Path to the file in the same space as the anatomical image.

interpolation : one of {‘nearestneighbour’, ‘trilinear’, ‘tricubic’,

‘triquintic’, ‘wsinc5’}, optional

The interpolation method used for the transformed file.

Returns

transformed_file : str

Path to the transformed file, in template space.

transform_modality_like(in_file, modality, interpolation='wsinc5', voxel_size=None)
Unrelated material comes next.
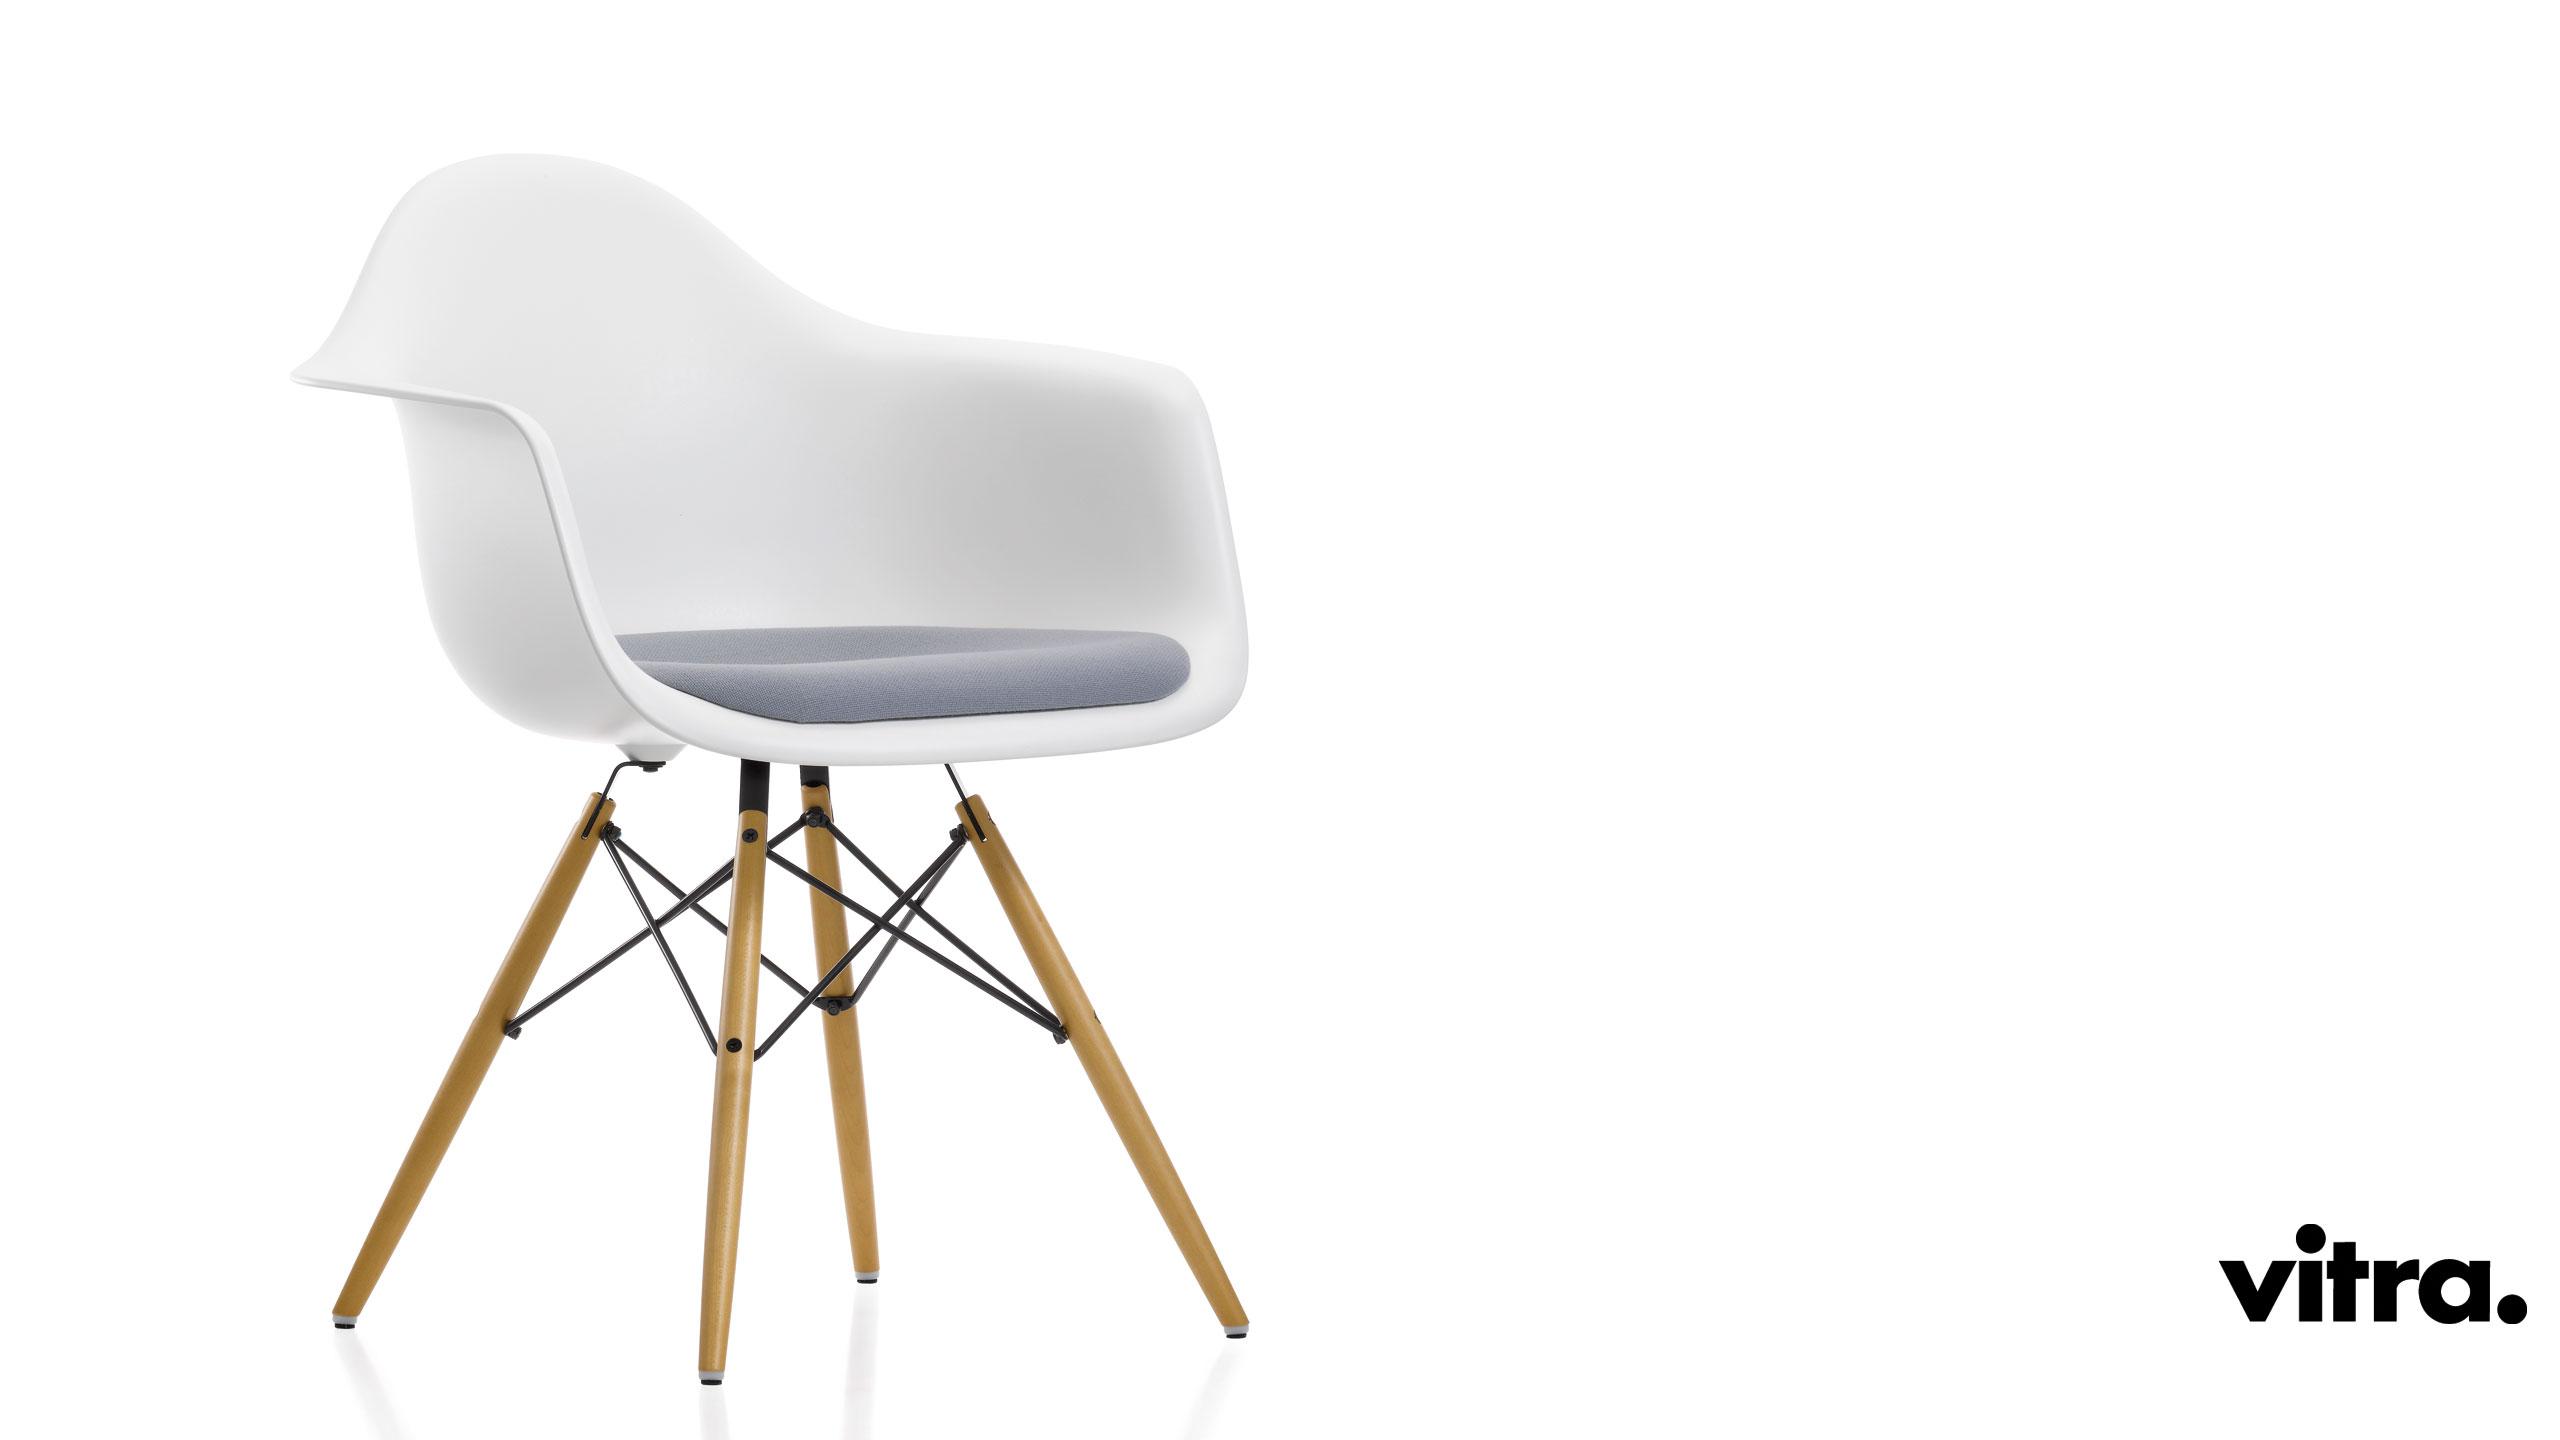 vitra plastic armchair daw m bel braum. Black Bedroom Furniture Sets. Home Design Ideas
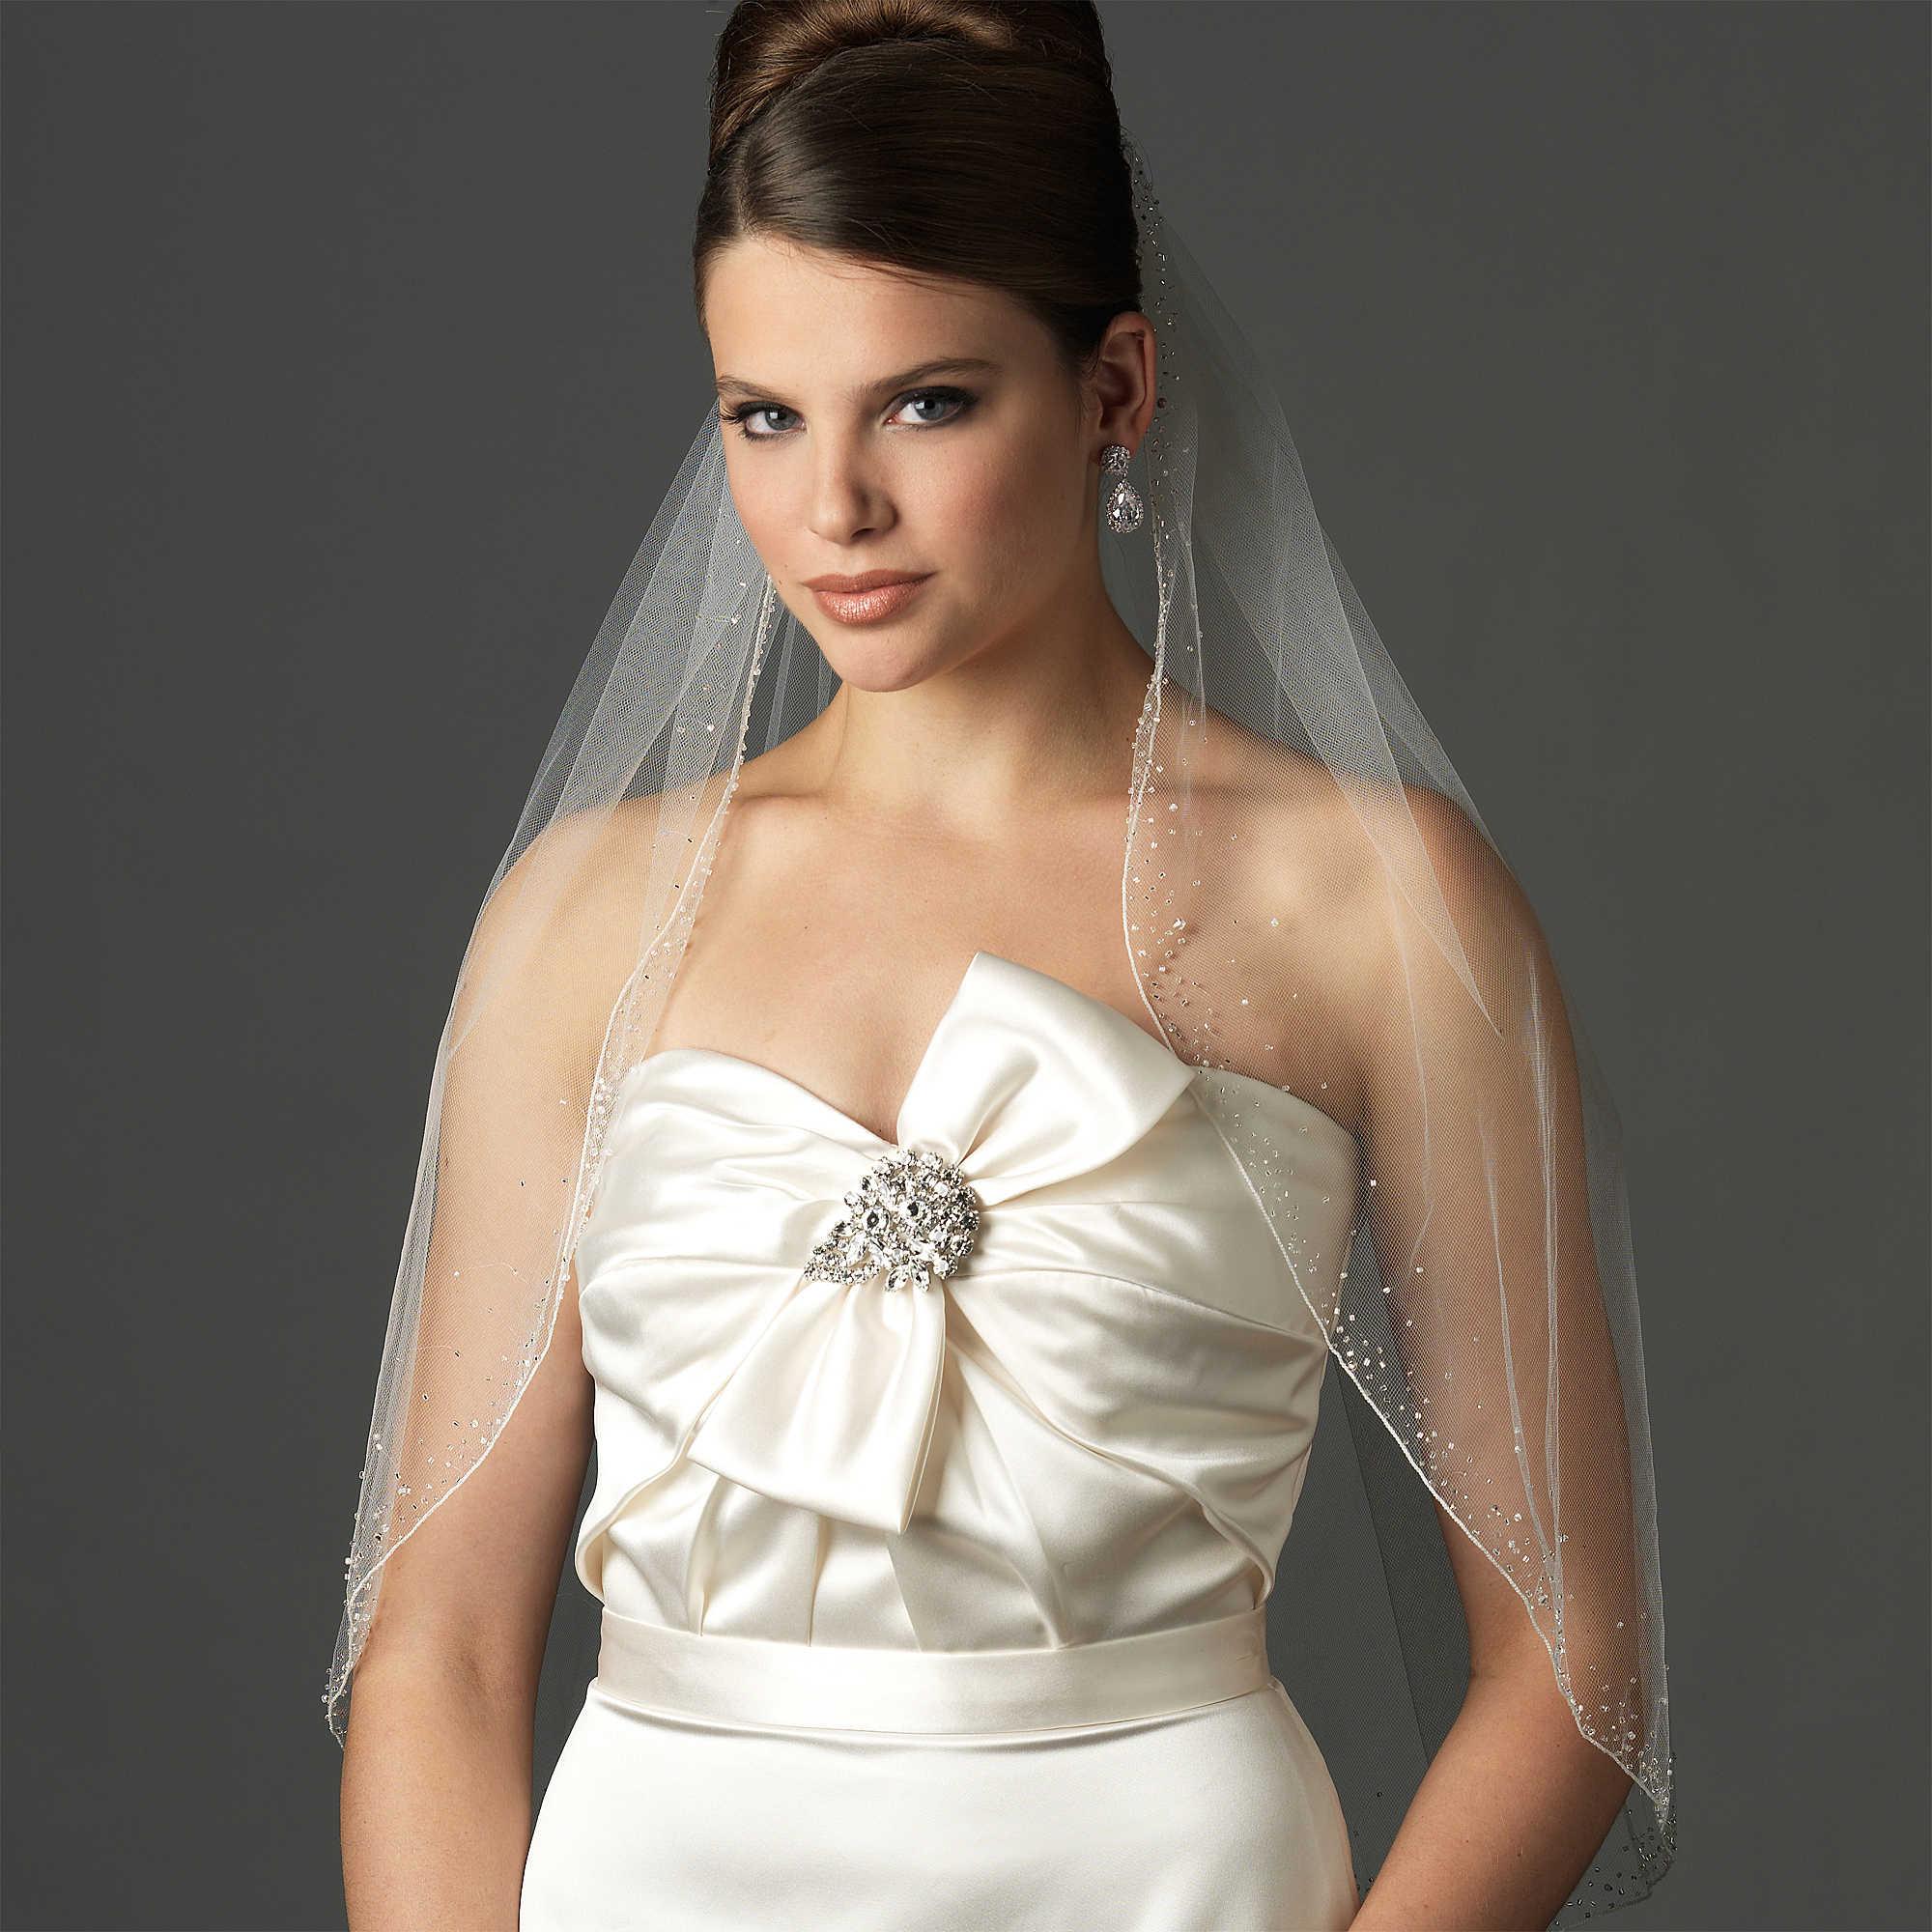 Types of Wedding Veils - Elbow Veils

Transforms the given file from the space of the given modality to the template space. If the given modality has been corrected for EPI distorsions, the same correction is applied.

Parameters

in_file : str

Path to the file in the same space as the modality image.

modality : one of {‘func’, ‘perf’}

Name of the modality.

interpolation : one of {‘nearestneighbour’, ‘trilinear’, ‘tricubic’,

‘triquintic’, ‘wsinc5’}, optional

The interpolation method used for the transformed file.

voxel_size : 3-tuple or None, optional

The target voxels size. If None, the final voxels size will match the template.

Returns

transformed_file : str

Path to the transformed file, in template space.